I refer to the model above as a multivariate probit model with partial observability or, for short, the partial m-probit. Multi- or $k$-variate probit models are usually employed to allow for correlated choices by estimating the correlation matrix from the data. Similar to the selection model for continuous outcomes popularized by Heckman (Reference Heckman1976), bivariate probit models as selection models, for instance, allow for correlated error terms across a sample selection and a structural equation with binary outcomes (Dubin and Rivers, Reference Dubin and Rivers1989). The problem addressed by the partial m-probit is not one of correlated (sequential) choices but of the nonobservability of the simultaneous choices.

1.2 Likelihood and prior density

The probability of observing a decision is the sum over the probabilities of the vote profiles that could have realized it. The probability of each of these vote profiles is the product over the individual choice probabilities, which are—as in a probit model—a linear function of covariates and parameters. The product over all decision probabilities yields the likelihood of the data.
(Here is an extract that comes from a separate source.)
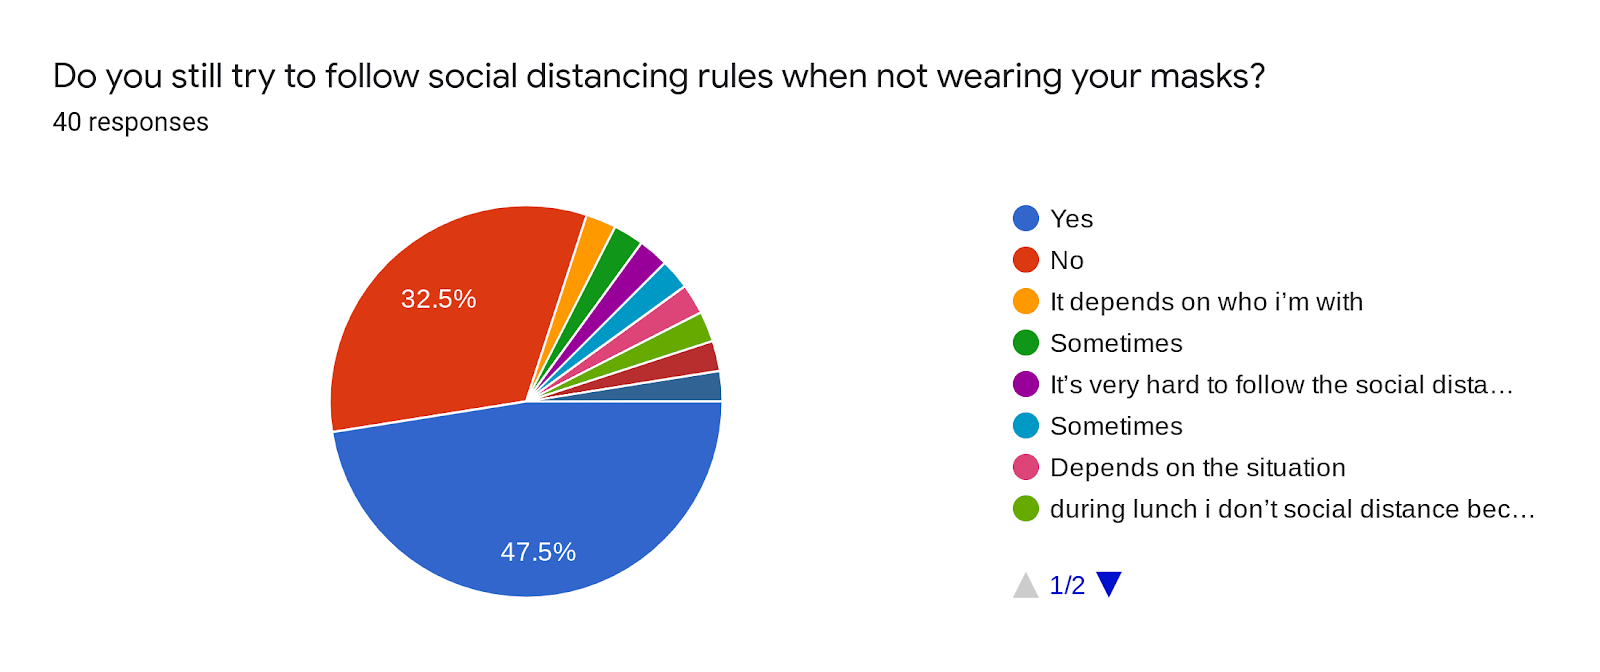 Forms response chart. Question title: Do you still try to follow social distancing rules when not wearing your masks?. Number of responses: 40 responses.

Next, I define the probability of one vote profile and the sets of hypothetical vote profiles that can realize a particular decision outcome. Using these two definitions, I state the likelihood of the data.

Using the assumption of independent choice making, the probability of observing a vote profile ${\bf y}_j$ is the product over the individual choice probabilities for proposal $j$ or, equivalently, integrating over the latent utility in each dimension on the interval that corresponds to the observed vote choice. Formally, this

(2)$$\eqalign{ f( {\bf y}_{\,j},\; {\bf X}_{\,j}\vert {\boldsymbol \beta}) & = \int_{\,p_{1j}} \ldots \int_{\,p_{Mj}} {\boldsymbol \phi}( {\bf y}_{\,j}^{\ast } \vert {\bf X}_{\,j} {\bi\beta}) d {\bf y}_{\,j}^{\ast } \cr & = {\boldsymbol \Phi}_{{\cal P}( {\bf y}_j) }( {\bf X}_j{\boldsymbol \beta}) ,\; }$$

where ${\boldsymbol \phi }( .)$ is the $M$-dimensional multivariate normal density and $p_{ij}$ is the interval that corresponds to the vote choice $y_{ij}$ in the profile ${\bf y}_j$, that is, $p_{ij} = [ 0,\; \infty )$ if $y_{ij} = 1$ and $p_{ij} = ( -\infty ,\; 0)$ if $y_{ij} = 0$. To write this more compactly, I define ${\cal P}( {\bf y}_j)$ as the function that generates all $p_{1j},\; \ldots ,\; p_{Mj}$ given ${\bf y}_j$ and let ${\boldsymbol \Phi }_{{\cal P}( {\bf y}_j) }({\cdot})$ be the implied distribution function.

Let $\tilde {{\bf y}}$ be a hypothetical vote profile and let $V( 1)$ be the set of all hypothetical vote profiles for which $\sum _i \tilde {y}_i \geq {\cal R}$ holds. In other words, this set contains all vote profiles that realize an adoption outcome ($b_j = 1$). Let $V( 0)$ be the complement set. Both sets are always finite but potentially large. For example, in the case of the UN Security Council, $V( 1)$ is of size 848 and $V( 0)$ of size 31,920.Footnote ⁶

Using these two definitions, I can write the probability for $b_j = 1$ (and its complement) as the sum over the probabilities for all hypothetical vote profiles that can realize $b_j = 1$ ($b_j = 0$) and, after additionally relying on the conditional independence assumption across proposals, the likelihood is obtained by taking the product over all decisions. Formally, this is

(3)$$\eqalign{ {\cal L}( {\boldsymbol \beta}\vert {\bf X},\; {\bf b}) & = \prod_j \sum_{\tilde{{\bf y}} \in V( b_j) } \bigg[ {\bi\Phi}_{{\cal P}( \tilde{{\bf y}}) }( {\bf X}_j{\bi\beta}) \bigg] . }$$

Bayesian inference complements the likelihood with a prior density for the parameters (the coefficients). I follow convention and assume that they are jointly normal with a prior mean ${\bf b}_0$ and a diagonal covariance matrix ${\bf B}_0$. The posterior density is proportional to the product of the likelihood function in Equation 3 and to the prior density.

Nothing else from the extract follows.